- The Bank of England boosted rates by 25 basis points to 4.25%.
- Retail sales in the UK unexpectedly increased in February, and businesses reported a second month of growth in March.
- The likelihood of a BOC rate cut on April 12 is around 40%.
Currency futures fell on Friday as the dollar rose amid banking crisis worries. The euro and the pound both experienced significant declines on Friday.
European banking stocks dropped on concerns that the worst issues to affect the industry since the 2008 financial crisis had not yet been resolved. Deutsche Bank and UBS Group took the brunt of the losses.
Risk aversion also caused the sterling to decline by 0.53% to $1.222. This happened despite information indicating that the British economy was poised to expand in the first quarter and that confidence was rising.
Retail sales in the UK unexpectedly increased in February, and businesses reported a second month of growth in March, suggesting the economy expanded in the first quarter.
The pound hit a seven-week high on Thursday after the Bank of England raised rates by 25 basis points to 4.25%. The bank also predicted that inflation would subside quickly, fueling rumors that it had stopped raising rates.
OCBC’s currency analyst Christopher Wong said the FX market indicated a period of risk aversion with safe-haven currencies, gold, and the yen rising. However, the Japanese yen only gained 0.08% against the dollar, closing at 130.73.

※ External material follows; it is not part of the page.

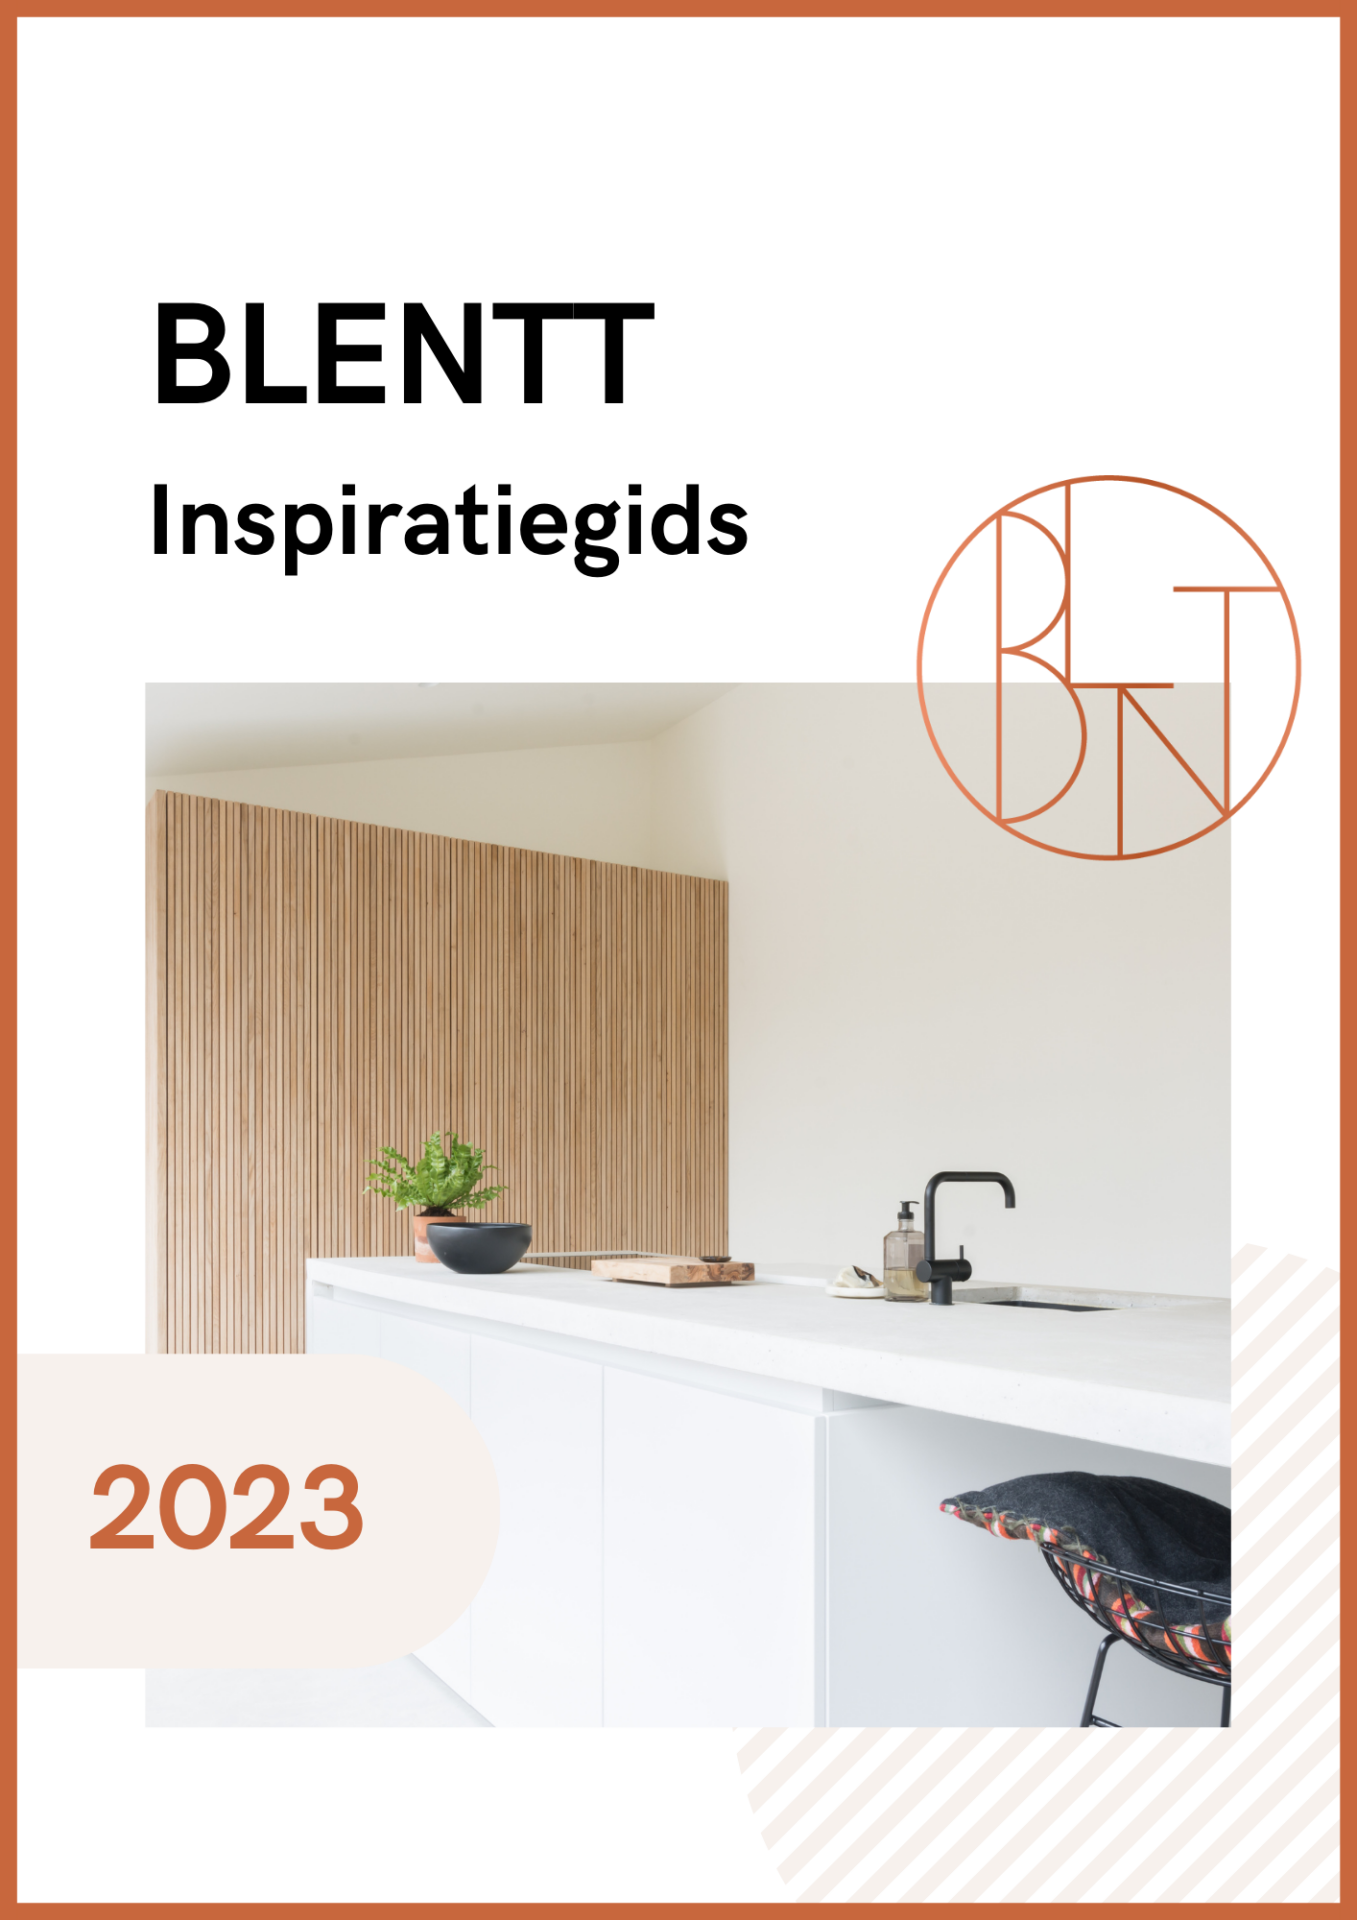 BLENTT Inspiratiegids 2023 3
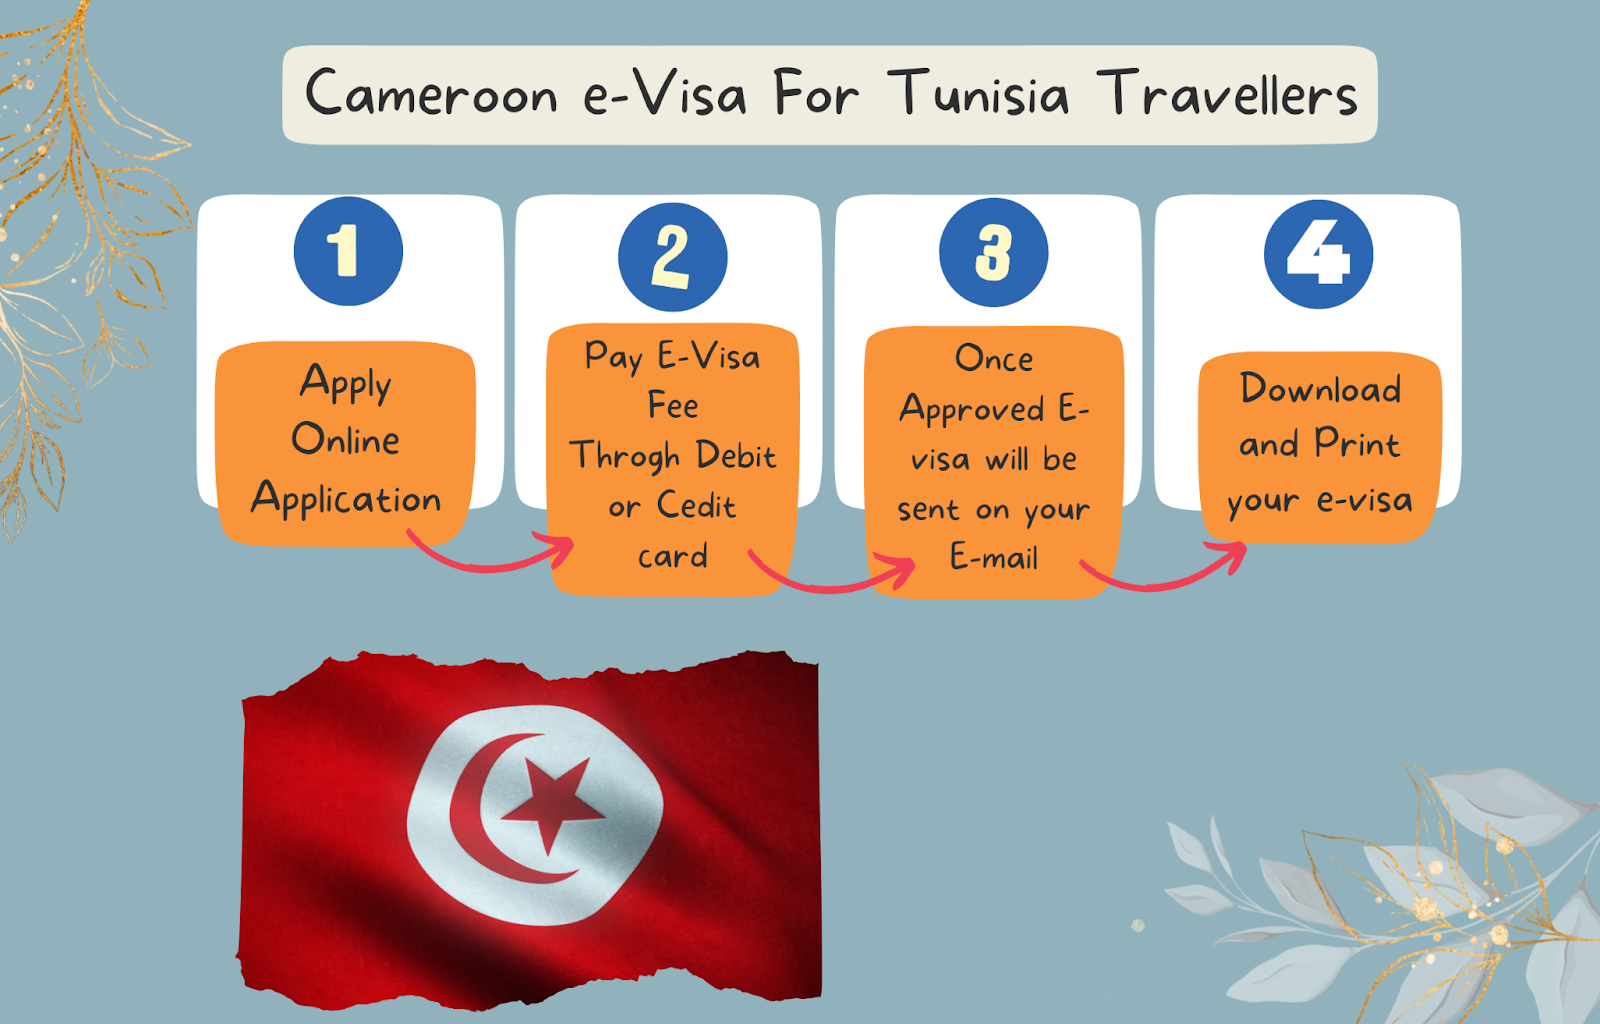 Cameroon e-Visa from Tunisia

The Fed boosted rates by 25 basis points on Wednesday, in line with expectations. However, the Fed adopted a cautious approach to the forecast because of recent instability in the financial industry.
To calm investor concerns, US Treasury Secretary Janet Yellen reaffirmed she was ready to take additional measures to guarantee that American bank accounts remained secure.
The Canadian dollar fell to a nine-day low versus the American currency on Friday before recovering much of its loss. Investors examined data indicating that some important areas of Canada’s economy declined in February.
Due to the banking turmoil, markets expect major central banks, including the Bank of Canada, to switch to lowering interest rates this year. The likelihood that the central bank will cut rates at its upcoming policy meeting on April 12 is around 40%.
Market participants will pay particular attention to this week’s PCE price index release, scheduled for March 31.